▽五輪マーケティングとメラミン事件
2008年、中国は北京五輪を盛大に迎えた。企業各社の五輪参加は主に、五輪マーケティングの形で行われた。北京五輪のスポンサーは各種のルートや活動を通じて五輪マーケティングを展開し、さまざまな効果を上げた。イプソスのデータによると、五輪マーケティングに最も成功したと中国人に考えられている3企業は順に、コカコーラ(19%)、聯想(15%)、中国移動(14%)だった。グローバル企業だけで見ると、コカコーラ(19%)、アディダス(8%)、VISA(7%)が名を連ねた。五輪マーケティングは各社各様の成果を上げたため、この比率は相対的に分散し、1社が圧倒的な印象を人々に与える結果にはならなかった。
中国企業も五輪マーケティングで大きな成果を上げたが、グローバル企業の五輪マーケティングのレベルの高さは人々が認めるものとなった。歴代五輪でのマーケディング経験を持つグローバル企業は、この分野のプロフェッショナルであり、系統化された活動で大きな効果を上げた。
五輪直後の9月11日にはメラミン汚染事件が発覚し、中国で名の知れた乳業ブランドはいずれもこの事件に巻き込まれた。グローバル企業はメラミン事件で大きな動きを見せなかったが、事件とかかわりがなかったことで、中国の消費者への影響力を急速に高めた。

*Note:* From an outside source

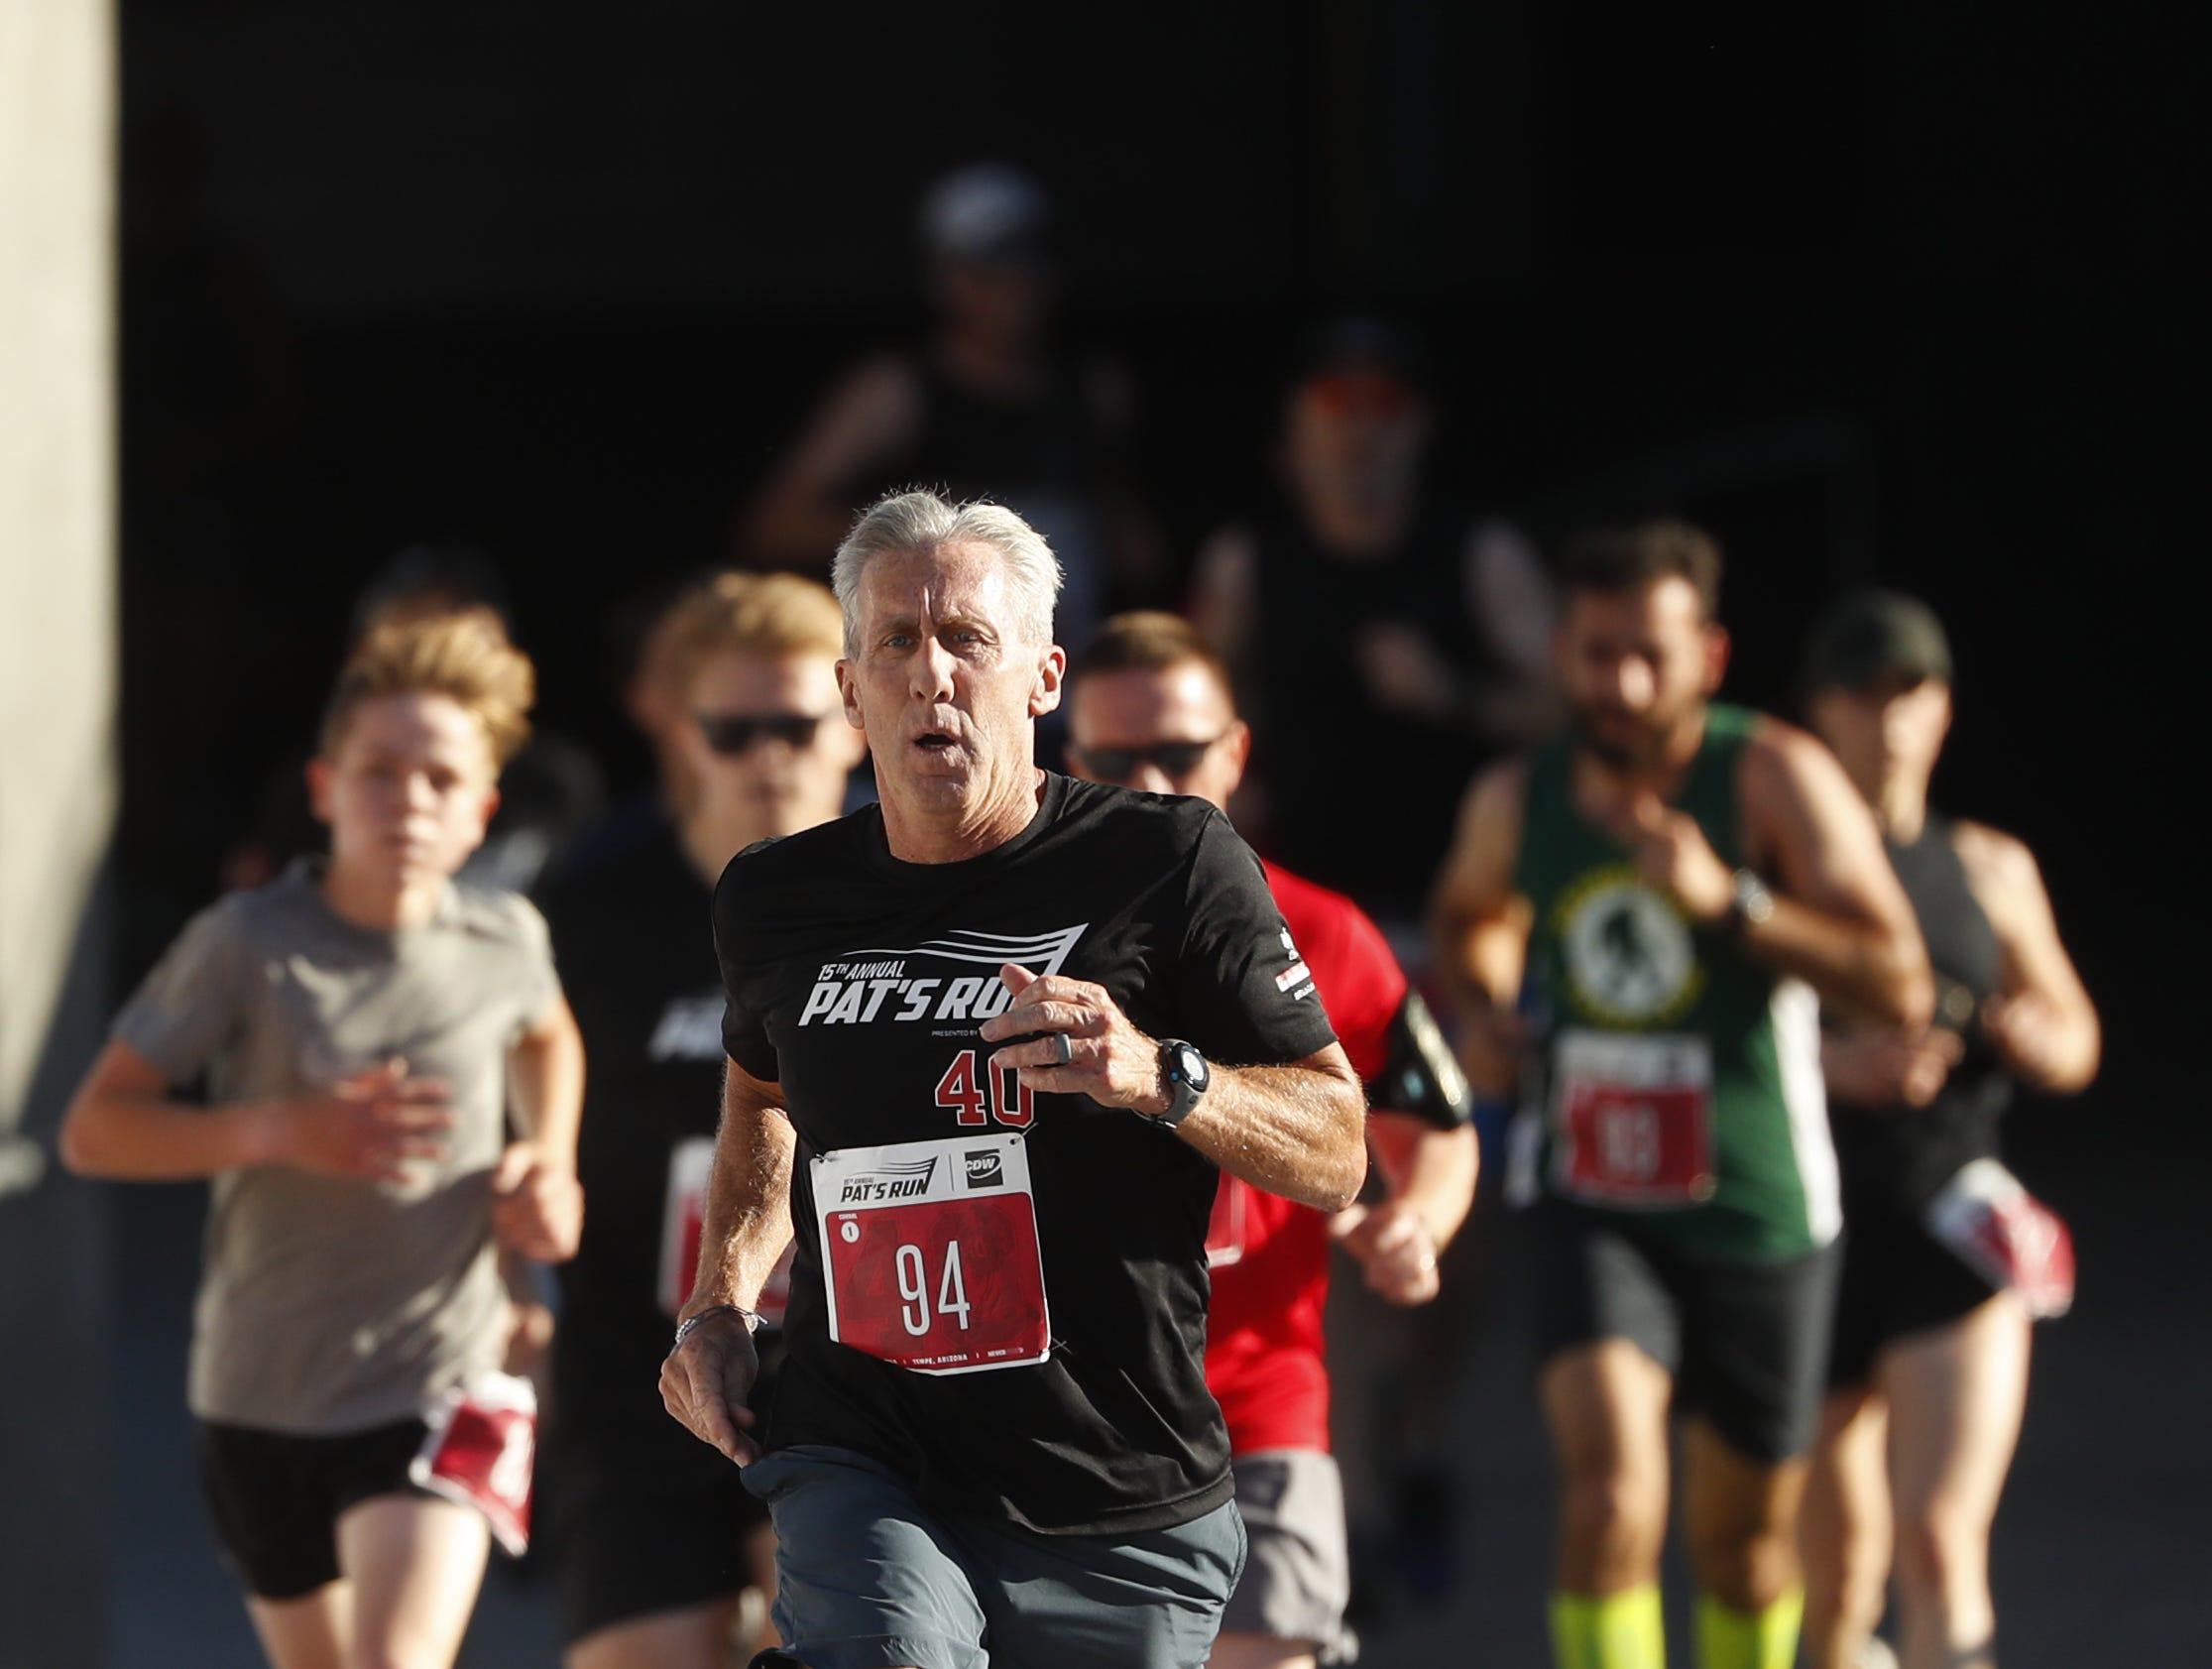 Runners finish up the last stretch of Pat's Run 2019 inside Sun Devil Stadium in Tempe, Ariz. on April 27, 2019.

経営コンサルティング「A.T.カーニー」の大中華区の副総裁を務める張天兵氏によると、グローバル企業の生産管理に対する中国消費者の信頼はメラミン事件をきっかけに大きく高まった。イプソスの調査データによると、メラミン事件でグローバル企業への信頼が増したという回答者は3割前後にのぼった。グローバル企業のブランドに対する態度は変わらないと答えた回答者は半数前後だった。